Inbetween the gruesome gameplay that involves you tearing yourself to pieces to solve puzzles, you communicate with JJ’s friends and family through text messages. The game hints at JJ’s queerness through situations that many people, myself included, can either emphasise with or have been through themselves, like having to explain clothes for the opposite gender. While it’s not overtly explained until the end of the game, her gender does not come across as a twist or ‘gotcha’ moment, but more as the final clue in her puzzle of circumstance, much like the puzzles you solve along the way. JJ is a standout trans character, which only confuses me more when compared to their most recent attempt to keep the representation going.
Lena Dauman - Deadly Premonition 2
I will never understand how the mishandling of Lena Dauman could come from the same developer that gave us The Missing. Swery, despite being notably pro-trans in real life, somehow made nearly every mistake imaginable with Lena, more so than anyone else mentioned here. This is not a case of the developer just dropping the ball, but spiking it into the earth’s core. Truly, some of the transphobia depicted has to be seen to be believed.

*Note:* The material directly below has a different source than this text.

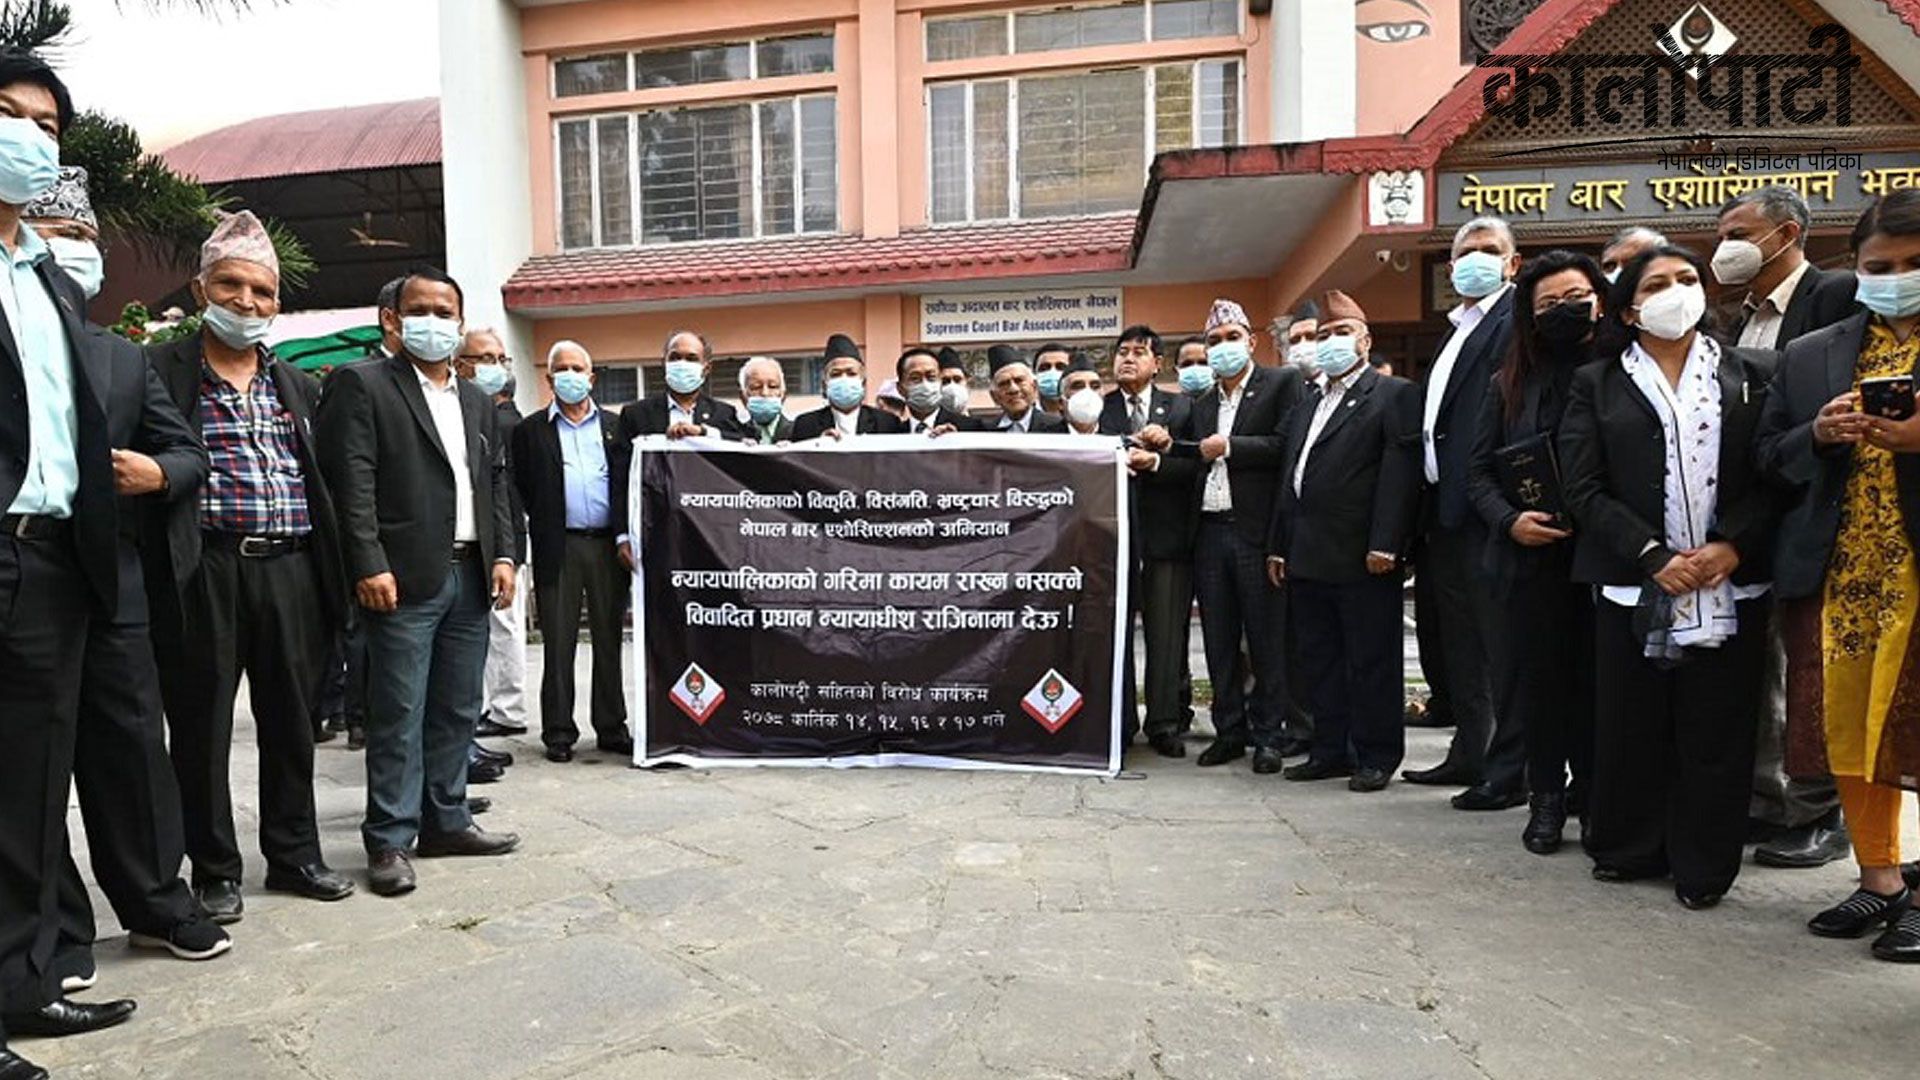 नेपाल बार एसोसिएसनले प्रधानन्यायाधीश जबराको राजिनामा माग गर्दै सोमबार सर्वोच्च अदालत परिसरमा विरोध प्रदर्शन

Deadly Premonition 2 reads like a laundry list of bad ideas: deadnaming your trans character to her face exactly one cutscene after defending her right to exist; her transness being a direct result of childhood trauma, up to and including an incestuous relationship with her sister; and being forgiven by her father for said trauma while he deadnaming her with his last breath. The sheer level of tonal whiplash I experienced when researching this immediately after The Missing is almost indescribable. Swery thankfully addressed this with an apology and somewhat updated the offending scenes, but the memory of the Lena first included in the game leaves a deeply troubling mark on this game. I will forever be in awe of how utterly wrong one can be with seemingly the best intentions.
HC - Hardcoded
Out of everyone I’ve mentioned, good and bad, it is naturally HC, the character written and developed by a team of trans people, is the portrayal that I’m the happiest about. The intent and care in making her an enjoyable character, even before you get to the sex scenes, works wonderfully well. While she’s a droid in a cyberpunk world, far off from the world we live in now, she brims with humanity and nuances that make her enjoyably sexy, free of fetish or phobias. Hardcoded’s depiction of the eponymous HC is one so depressingly lacking outside of entirely queer-controlled spaces that I hope she’s not forgotten when the industry tries to take those tentative steps forward.
HC is a sexually progressive breath of fresh air after so many depictions of trans people being sexual predators or worse, a rigid cause of many of the issues we face today. There is a small but meaningful solace I take in having a singular piece of media that not only lets queer people be horny but celebrates them and their right to be that way. Hardcoded is not the only game that shares that sentiment, but it’s the one that stood out and resonated with me. For that reason, Hardcoded is the game I recommend you play the most if you also love trans people being people.
Though we’ve seen the lowest of lows this past decade in terms of trans rep in video games, the positive depictions still give me a sliver of hope that there are good times ahead. I don’t expect the bare minimum efforts to end any time soon, especially while triple AAA developers continue to add plot-thin trans characters and dust themselves off after a job well done.
Thankfully, the abundance of queer creators on sites like itch.io will always be serving the queer characters that the AAA industry wishes it could take credit for. The best representation definitely starts with us, but there’s no reason for it to stop with us as well.